Dye explained that she naturally gravitates toward soothing colors and textures, which contributes to Folklore’s unique ambiance.
“Every piece that I show — everything I have in the gallery — are things that I would personally want to live with. And I think of my home is kind of like a sanctuary. It’s a place of rest and retreat and a place to go to be centered,” Dye said. “So, I tend to gravitate, primarily, toward natural materials and calming palettes. What you see reflected in the folklore is what I personally like from my life.”
In the back of the gallery is a tearoom with low benches and meditation cushions.
“I’ve always been really into different healing modalities and spiritual traditions,” Dye said. “So, we went through several iterations of having different healing art practitioners in residence.”
“When I made the shift to the gallery, that coincided for me with a really deep interest in tea. So, I decided to clarify and refine that element of what we were doing. So, instead of having a bunch of different practitioners, I just went all-in on the tea,” Dye said.
“So, now we have the back room set up for the tea ceremony,” Dye continued. “We sell a bunch of really beautiful, aged ceremonial Chinese teas, and have some very senior teachers come regularly to teach workshops.”
One of the tea masters who has served tea at Folklore multiple times is a Taoist-influenced practitioner who goes by the mononym Po.
“Po’s approach to tea is that it’s vibrational medicine. He’s very into tuning into the energy of the tea, practicing mindfulness, and just noticing how it feels,” Dye said. “And that’s a very individual experience, rather than being focused on the choreography or like how some people do tea ceremonies in silence — which is also a beautiful experience. But what makes Po special is his more energetic, vibrational approach.”
In addition to their master workshops, Folklore offers a community tea every Saturday morning, from 8:30-10 a.m., which is donation based.
“We have around 10 servers who volunteer to come and share tea in a variety of ways, from different traditions,” Dye said.
One of Folklore’s mainstays is its contemporary jewelry selection, which focuses on local emerging designers.
“We have such amazing jewelry talent in New Mexico, and Santa Fe specifically, so I felt when I moved here that there was an opportunity to showcase some of these designers. And it felt like no one else was really highlighting the work of younger designers,” Dye said. “It’s not kind of like the big turquoise cuffs that you see around. It’s definitely more contemporary.

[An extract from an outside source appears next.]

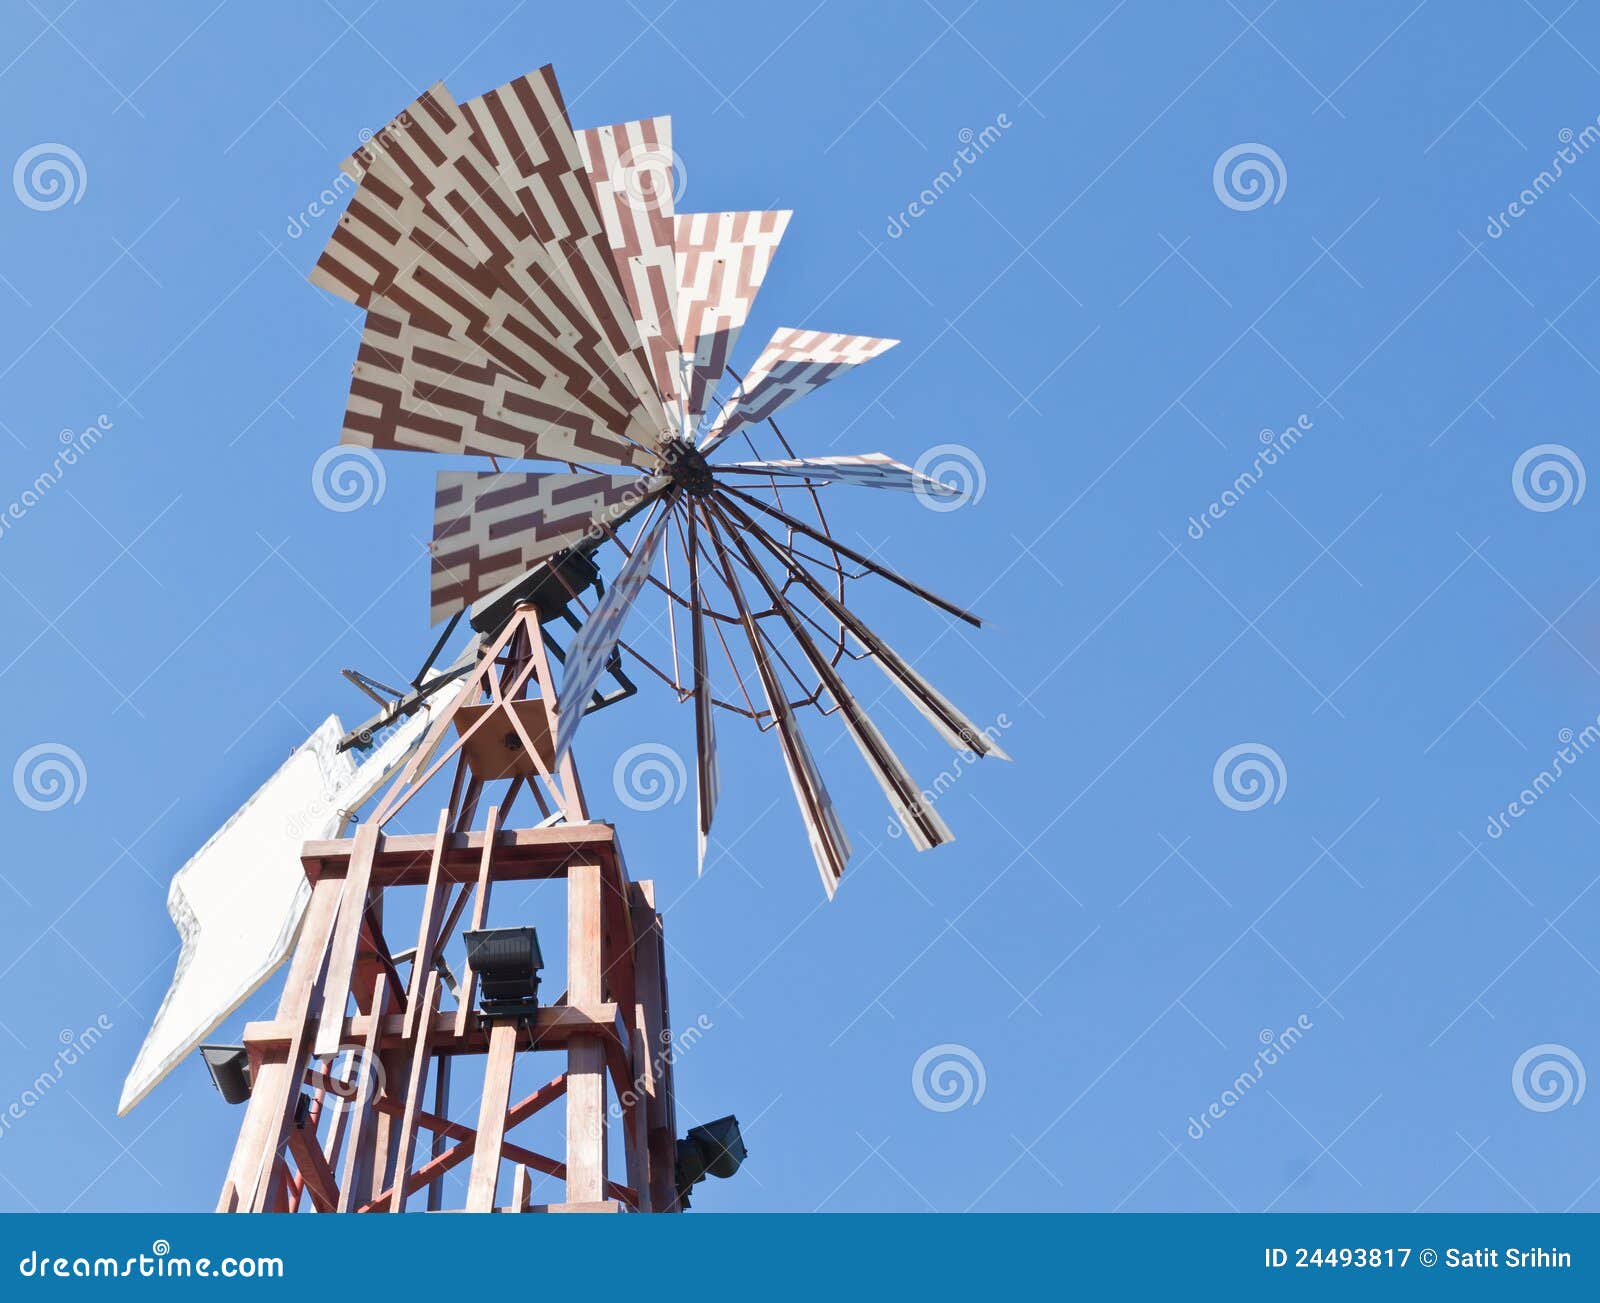 Wooden Windmill Tower Picture

It’s more minimal, refined and delicate than what I was seeing anywhere else in town.”
Dye said that many people who come through the doors at Folklore tell her they feel a calming, healing energy.

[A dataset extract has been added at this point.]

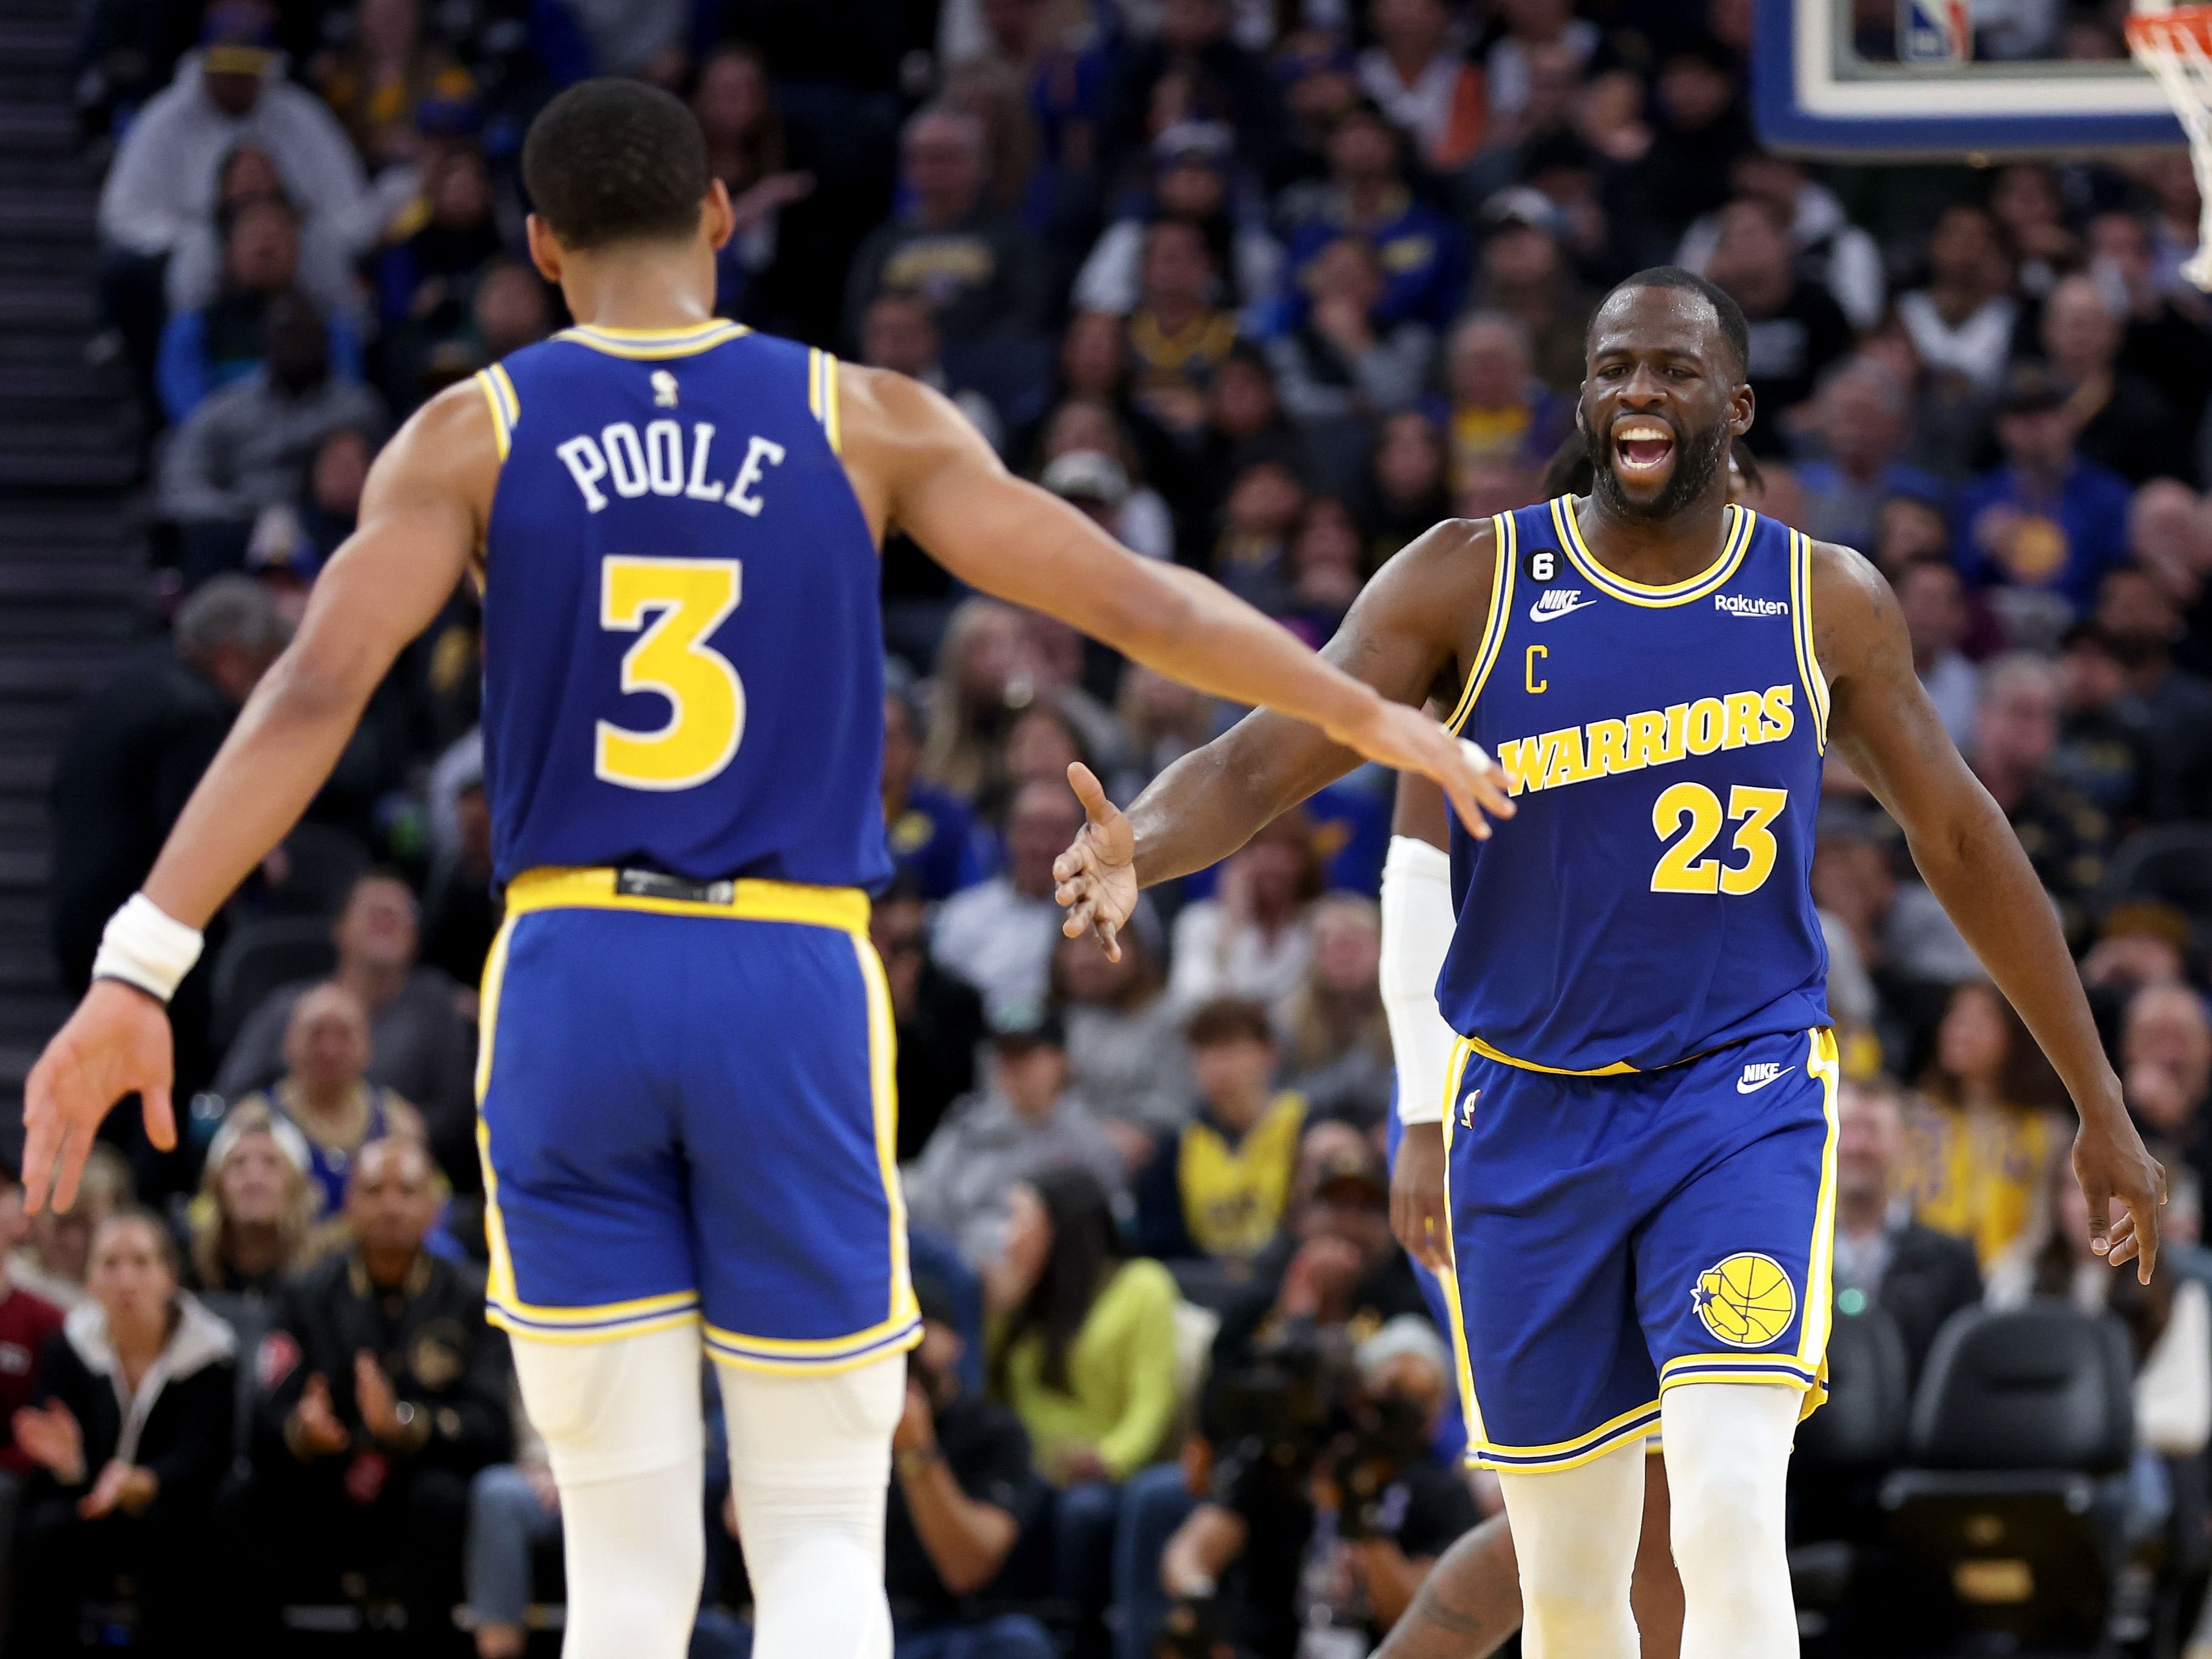 Jordan Poole and Draymond Green of the Golden State Warriors

“I never know how to respond other than to say that I appreciate that feedback,” Dye said. “I’ve always been very sensitive energetically, and I have a deep spiritual practice myself. So, I feel like the way that I curate, and even the people I work with, help contribute to that energy. Everybody that I show, I love as a person. So, just from that standpoint, the people creating the art have great energy.”